7 - https://d3js.org/
-
I had this question a few years back while working on a social network graph project and trying to render a multi-million node graph. Tried Ogma and it worked quite well but it became too slow when approaching the million. Ended up writing my own renderer in C++ and then Rust. Code here: https://github.com/zdimension/graphrust
Tested it up to 5M nodes, renders above 60fps on my laptop's iGPU and on my Pixel 7 Pro. Turns out, drawing lots of points using shaders is fast.
Though like everybody else here said you probably don't want to draw that many nodes. Create a lower LoD version of the graph and render it instead
-
GoJS, a JavaScript Library for HTML Diagrams
JavaScript diagramming library for interactive flowcharts, org charts, design tools, planning tools, visual languages.
My library (https://gojs.net) can do that easily. Give it a look, and if you think the price is acceptable for your project, contact us and we can make you a proof-of-concept.
-
Oh god I ran into this issue! Fewer nodes, but still.
I created an HTML page that used vis-network to created a force-directed nodegraph. I'd then just open it up and wait for it to settle.
The initial code is here, you should be able to dump it into an LLM to explain: https://github.com/HebeHH/skyrim-alchemy/blob/master/HTMLGra...

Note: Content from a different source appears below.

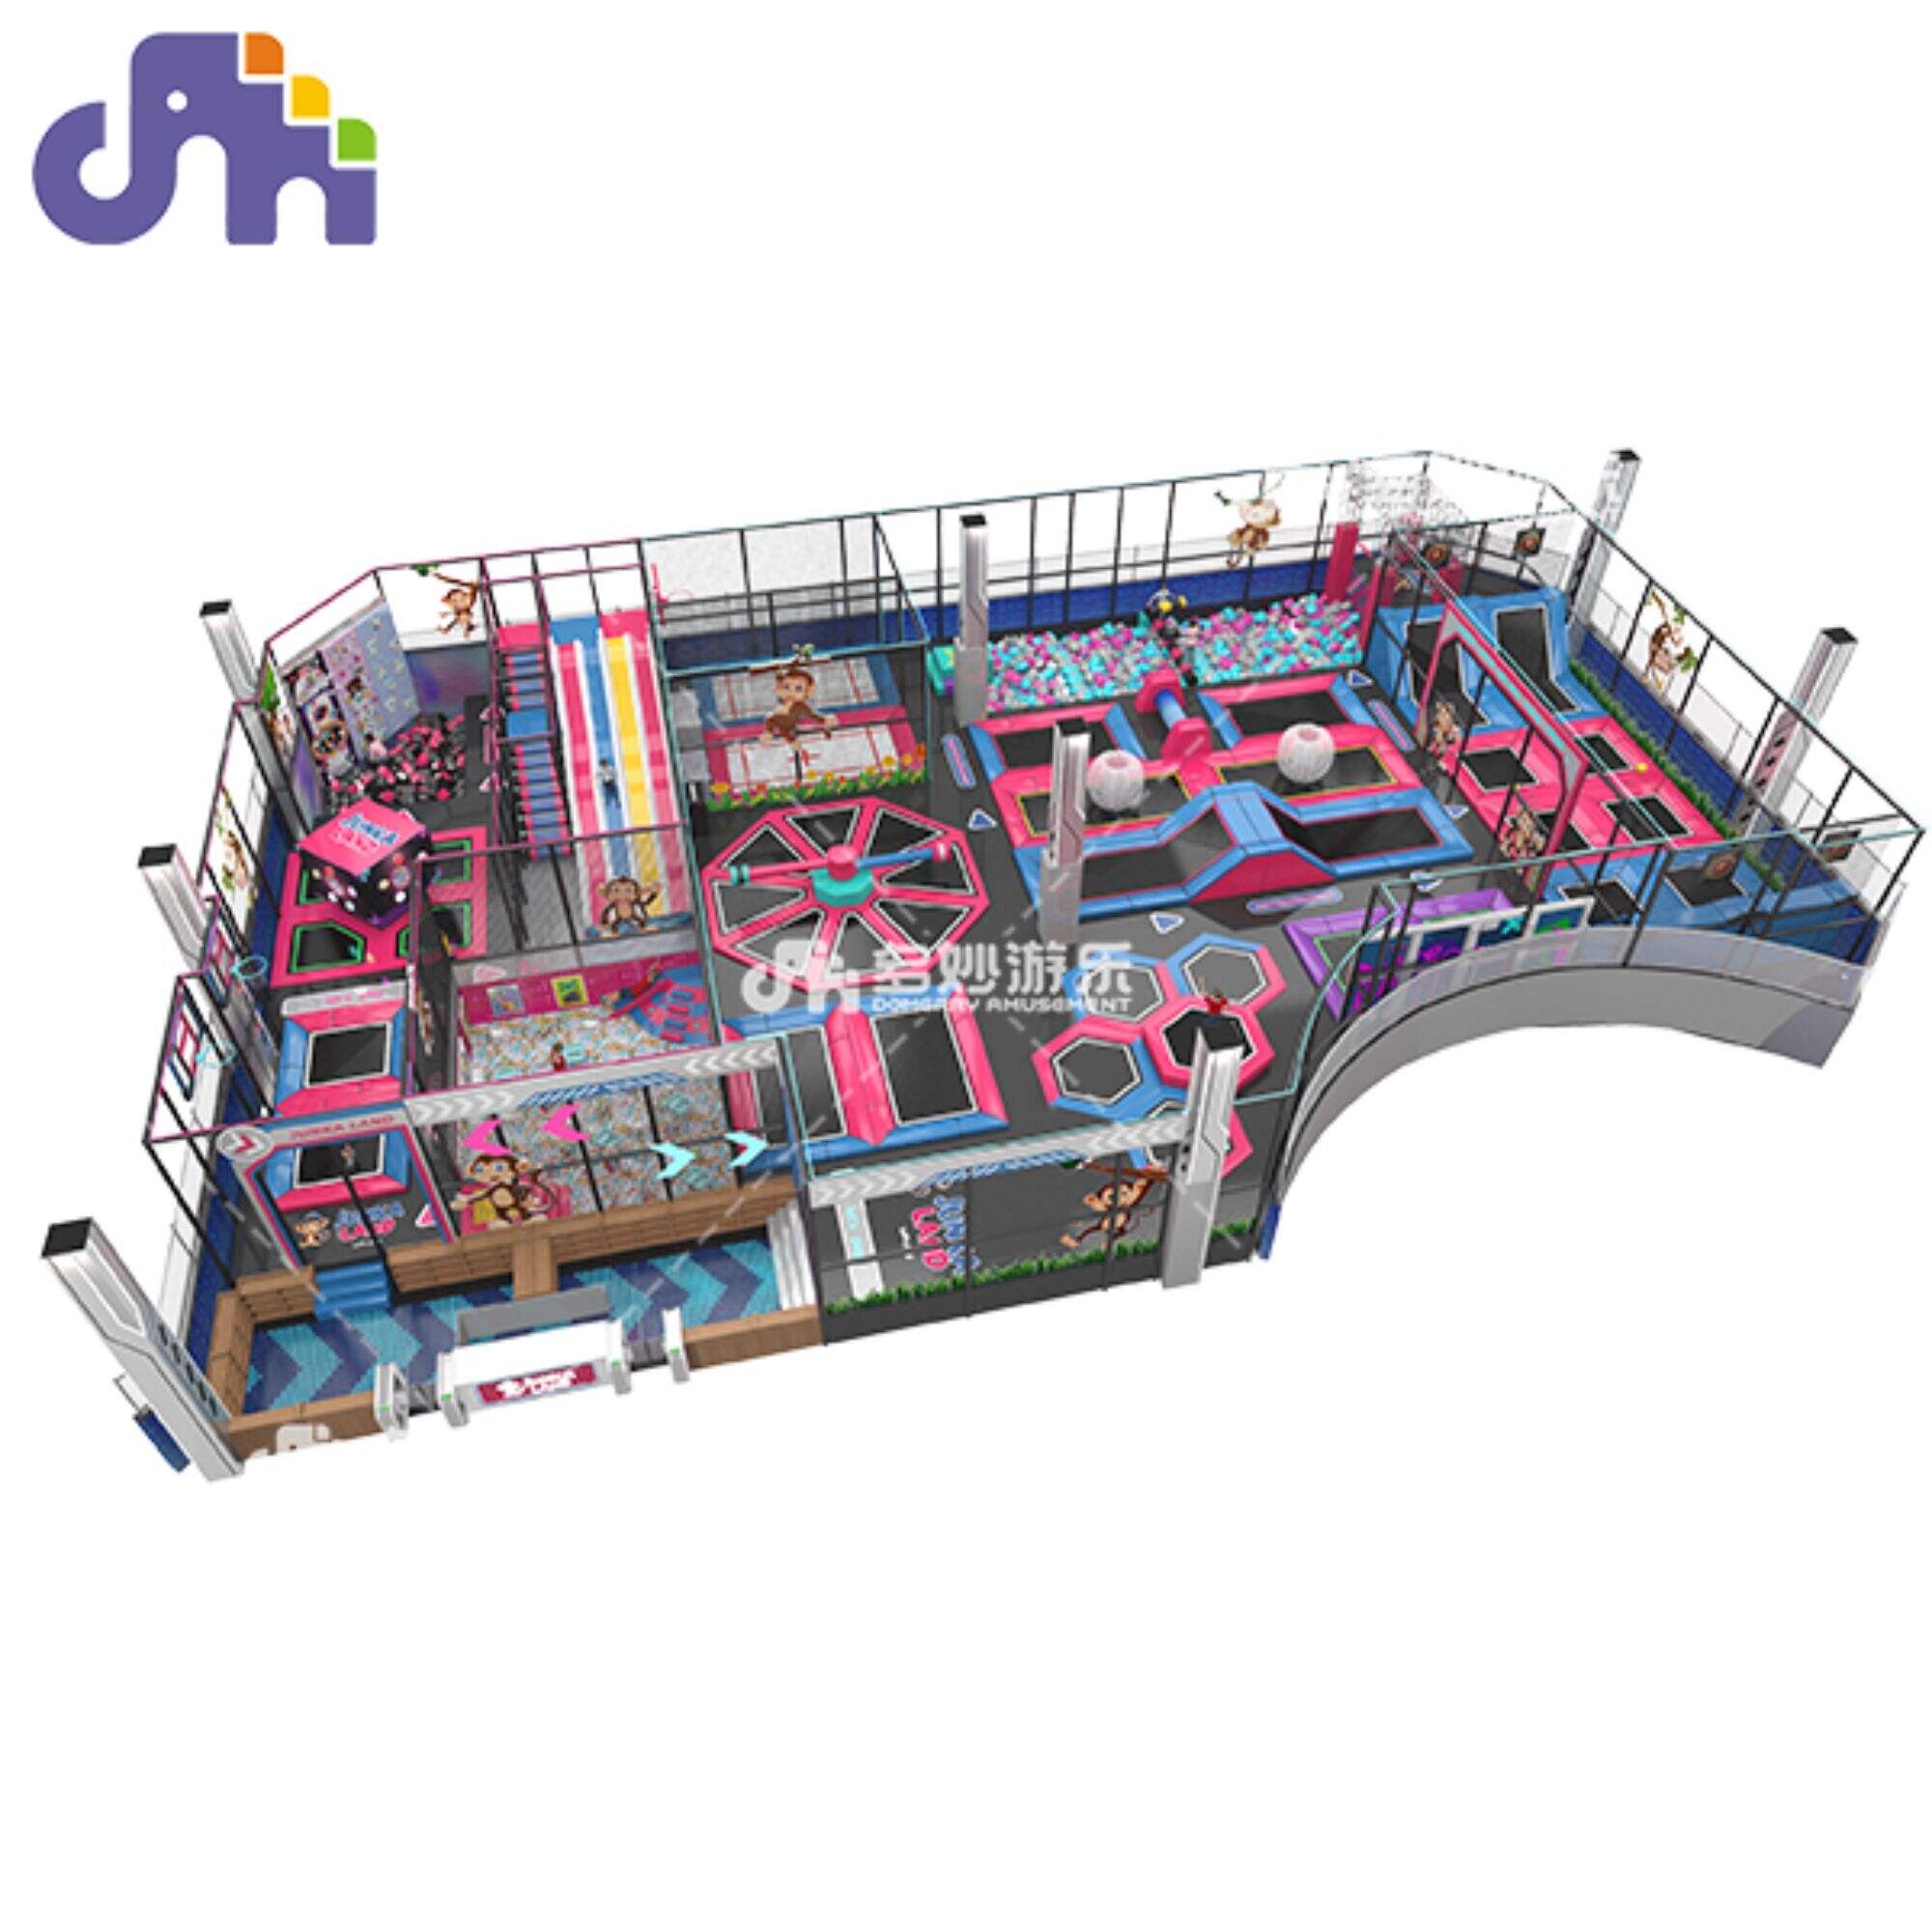 Dětský trampolínový park od výrobce Adult Jumpoline Trampoline k dispozici pro nákupní centra

I later used d3 to do pretty much the same thing, but with a much larger graph (still only 100,000 nodes). That was pretty fragile though, so I added an `export to svg` button so you could load the graph, wait for it to settle, and then download the full thing. This kept good quality for zooming in and out.
However my nodegraphs were both incredibly messy, with many many connections going everywhere. That meant that I couldn't find a library that could work out how to lay it out properly first time, and needed the force-directed nature to spread them out. For your case of 1 billion nodes, force-directed may not be the way to go.